Data shown:
____________

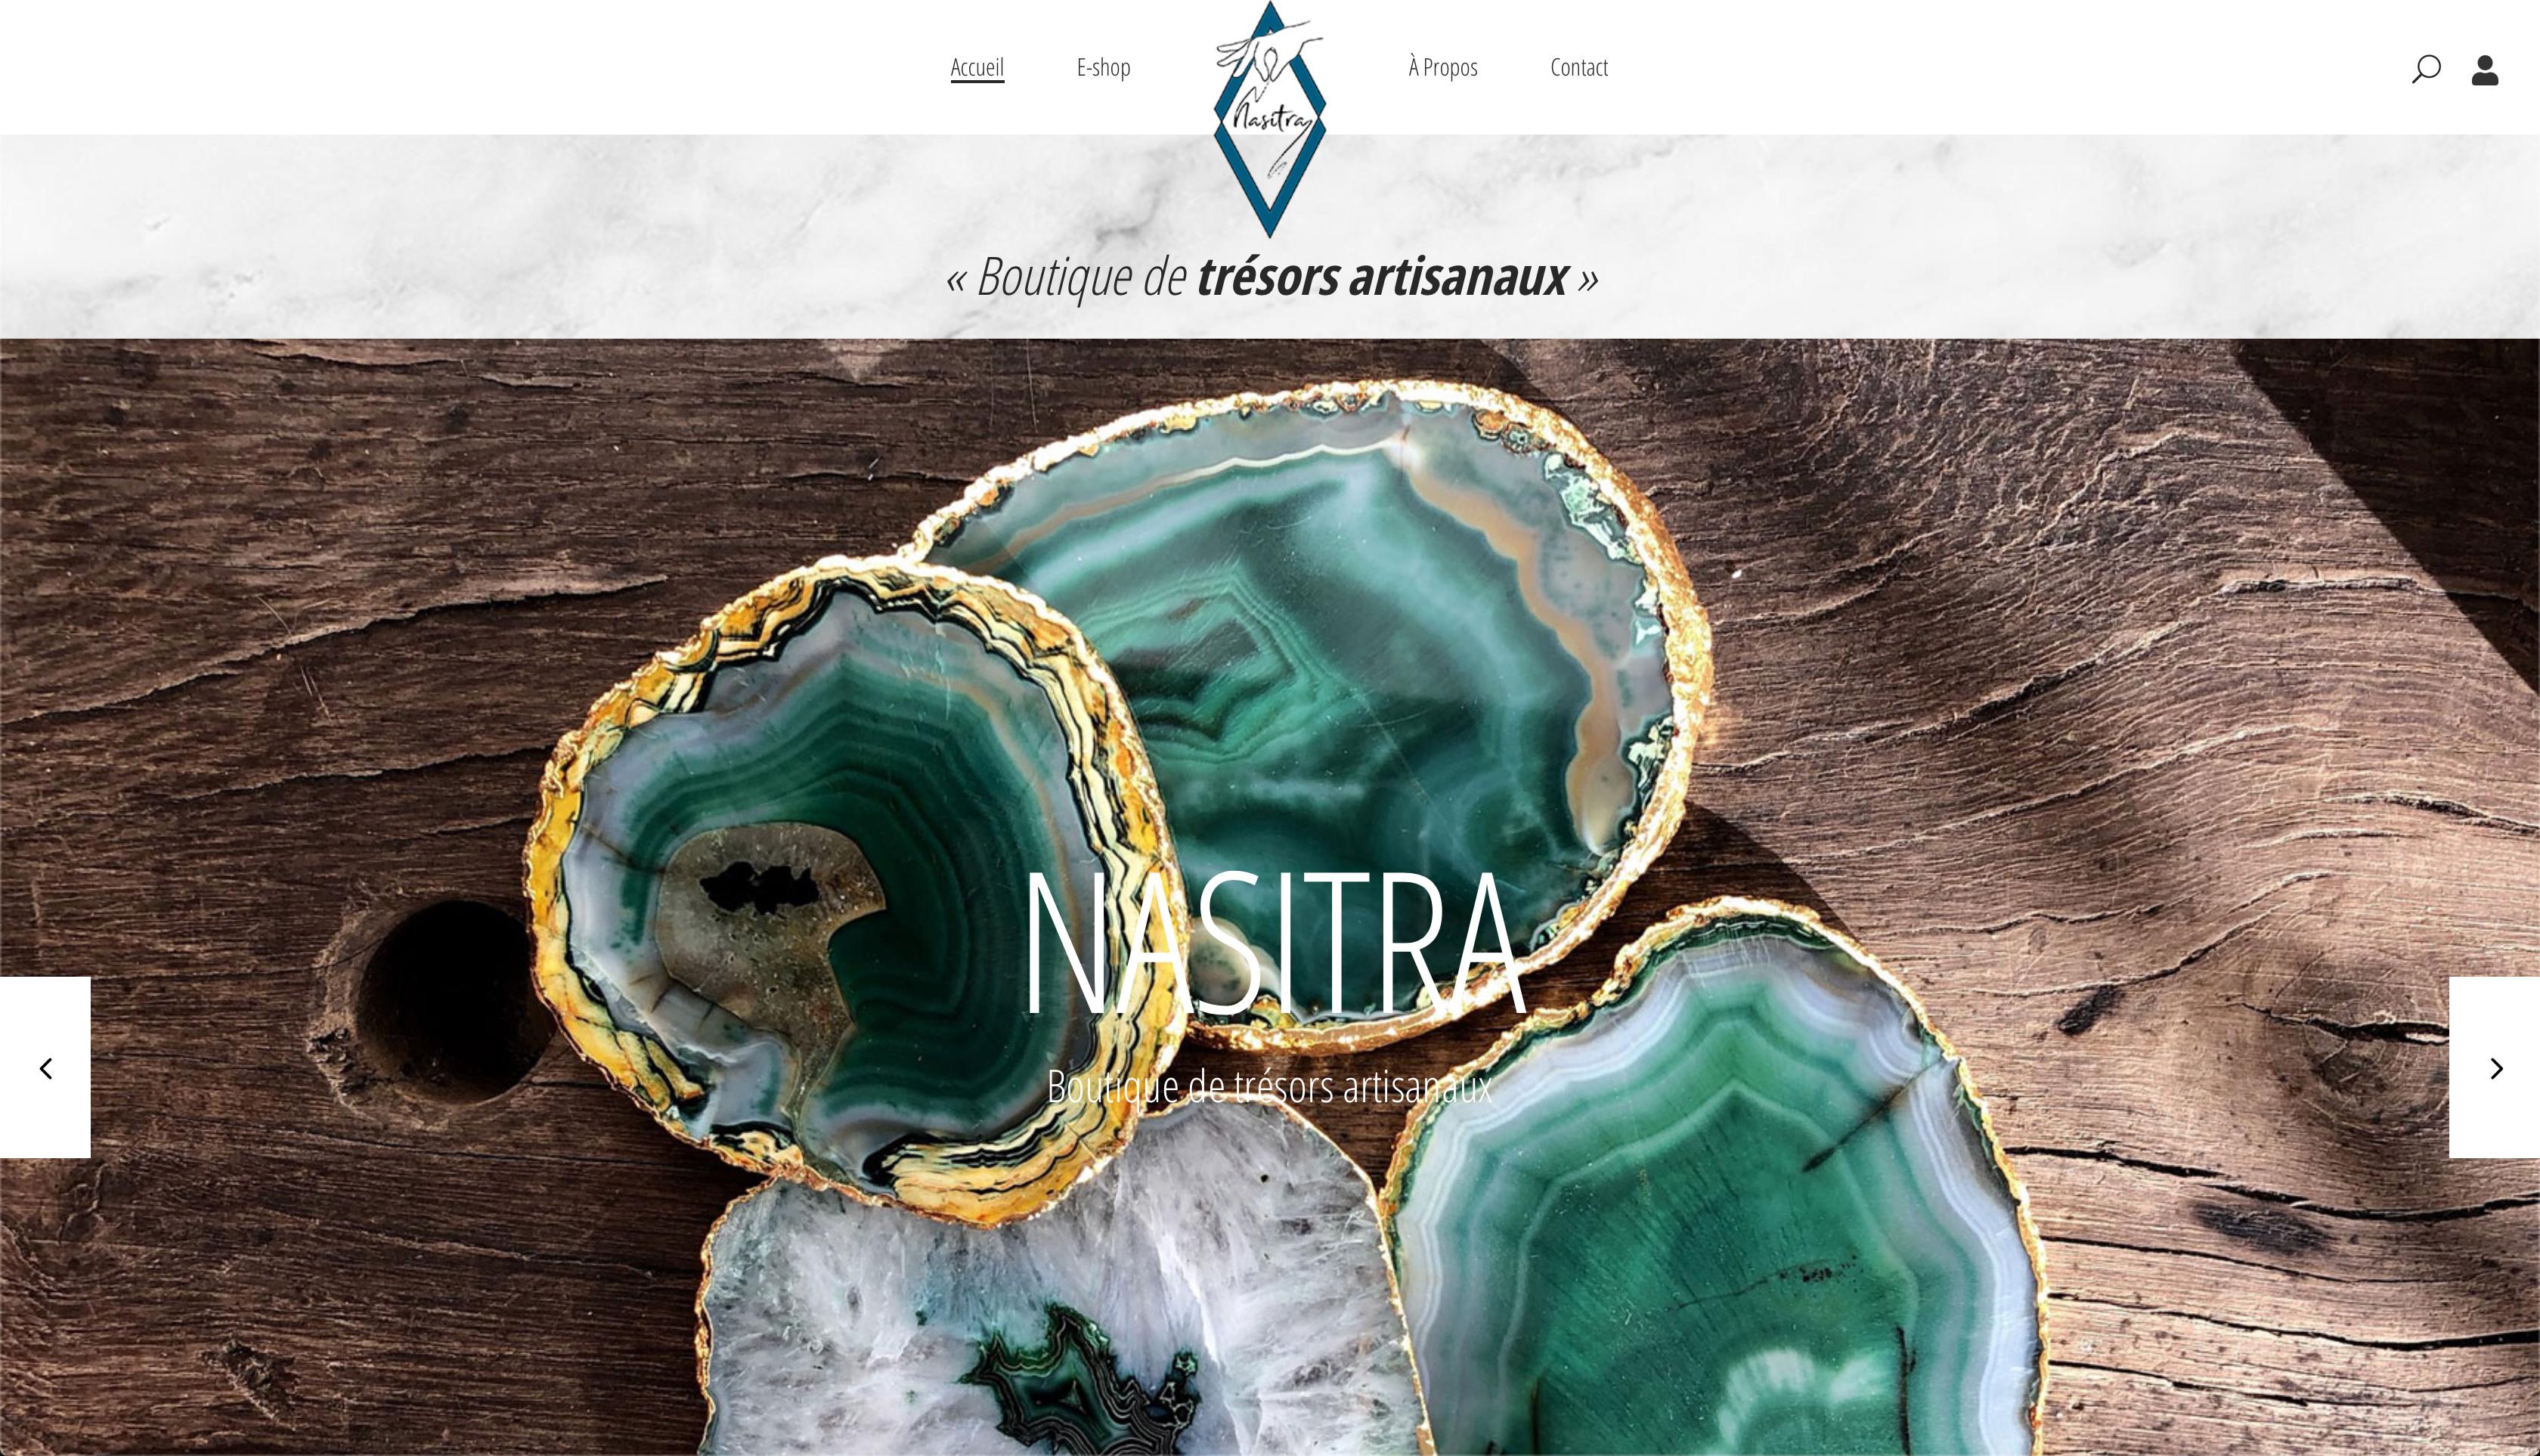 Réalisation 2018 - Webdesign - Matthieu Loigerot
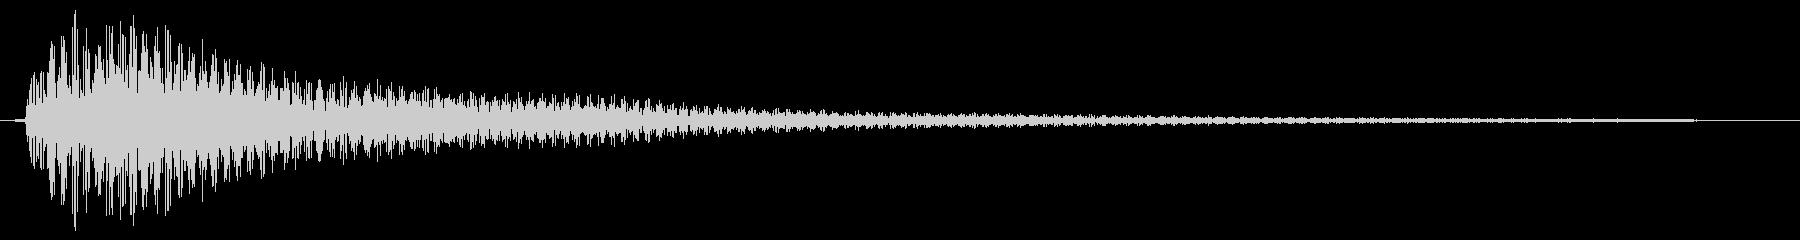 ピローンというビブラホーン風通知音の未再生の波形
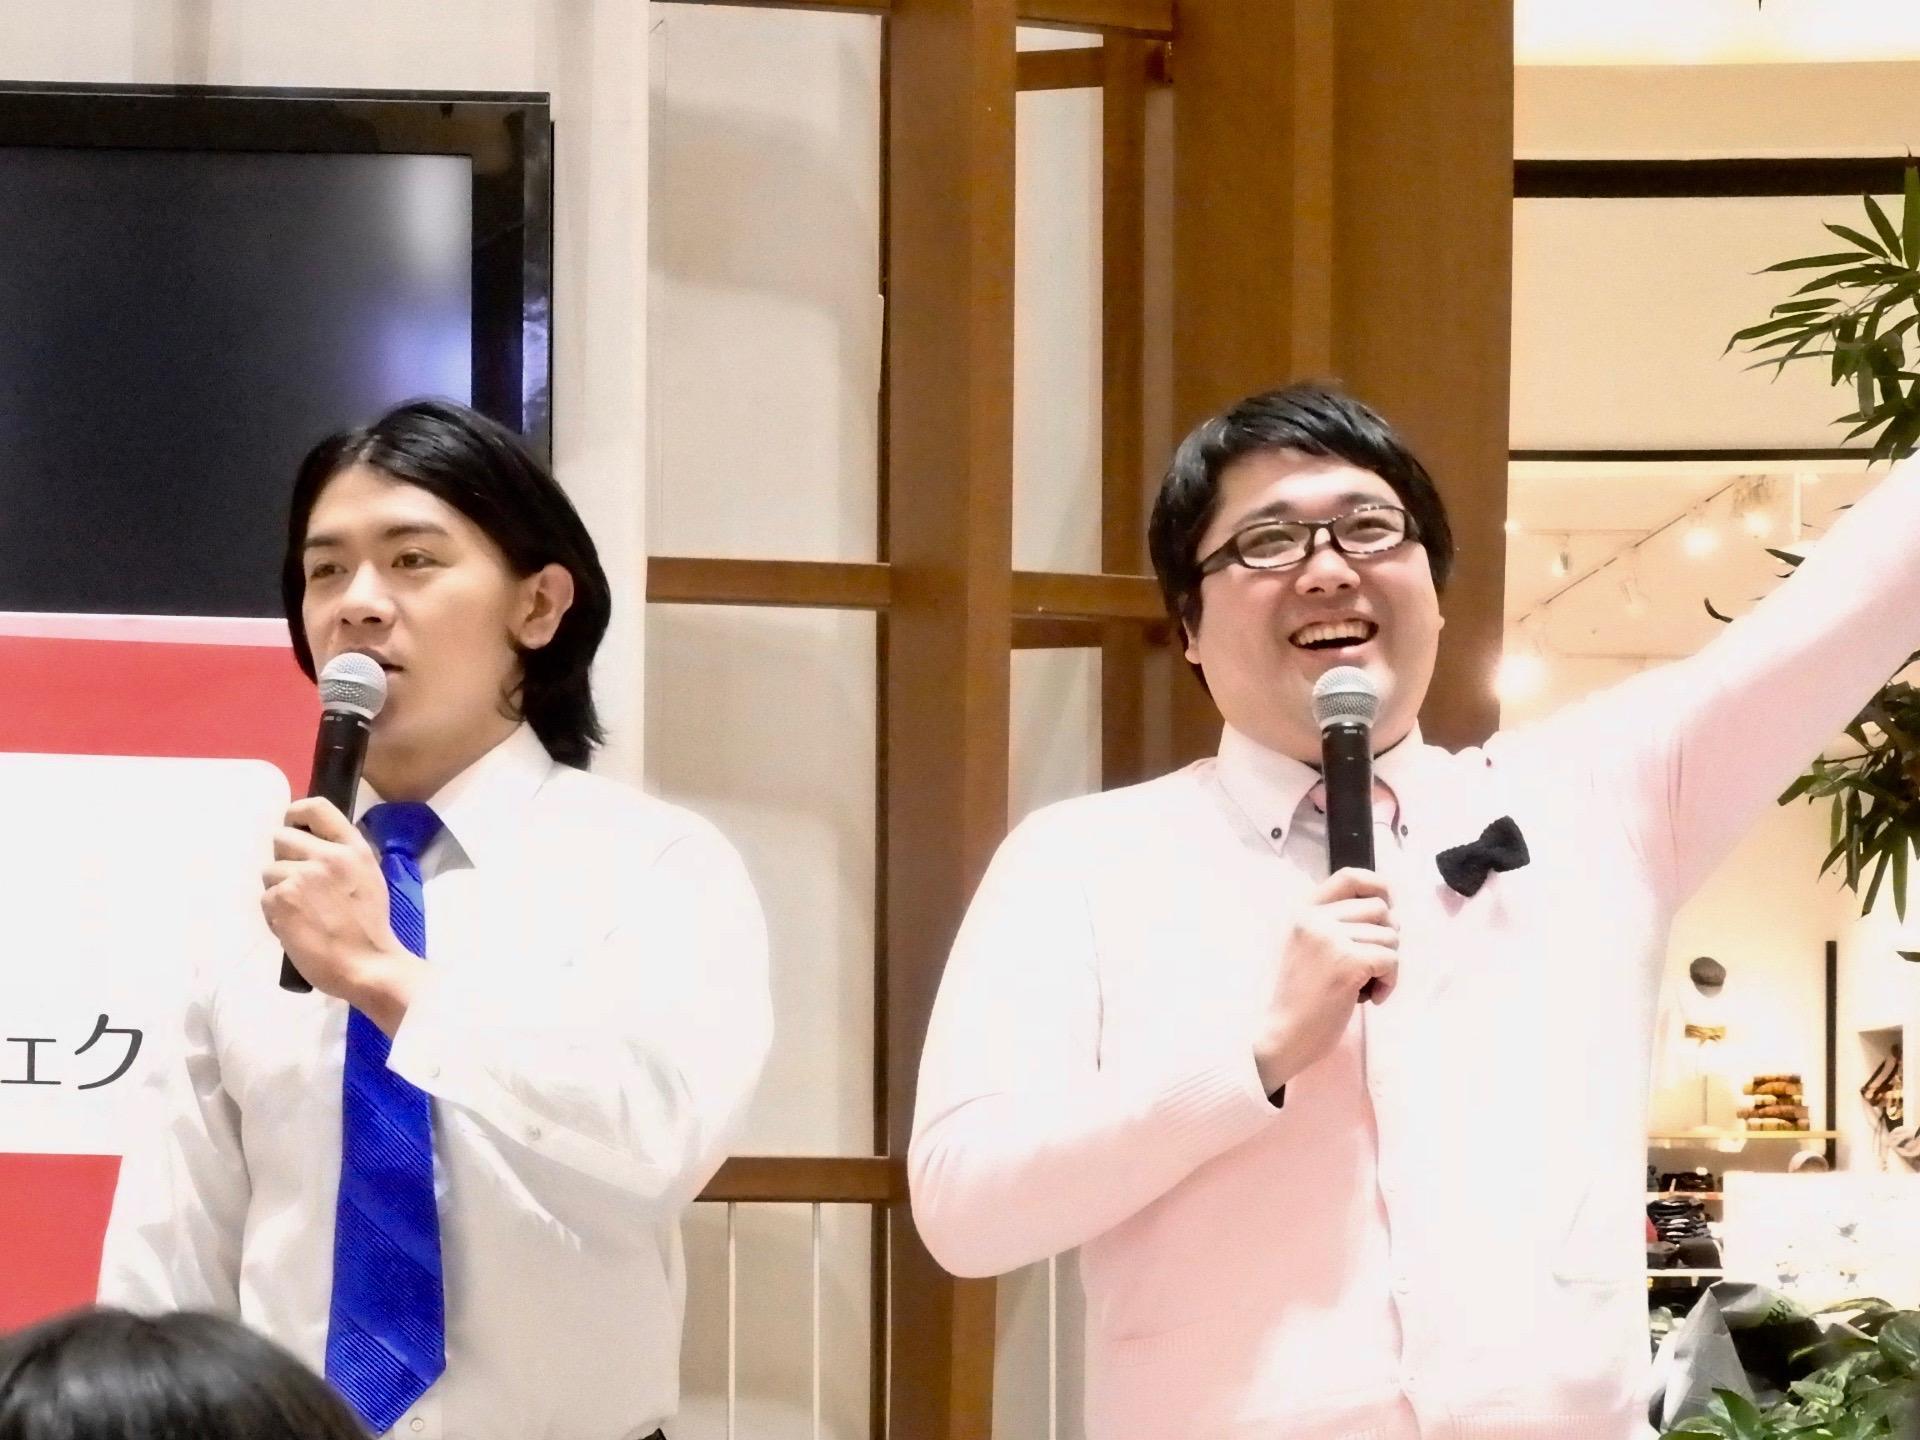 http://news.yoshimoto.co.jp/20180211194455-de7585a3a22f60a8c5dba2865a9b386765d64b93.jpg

____________

Work to be completed: Print the material in full and exactly, minus the pictures.

Written reply:
 Réalisation 2018 - Webdesign - Matthieu Loigerot
 ピローンというビブラホーン風通知音の未再生の波形
 http://news.yoshimoto.co.jp/20180211194455-de7585a3a22f60a8c5dba2865a9b386765d64b93.jpg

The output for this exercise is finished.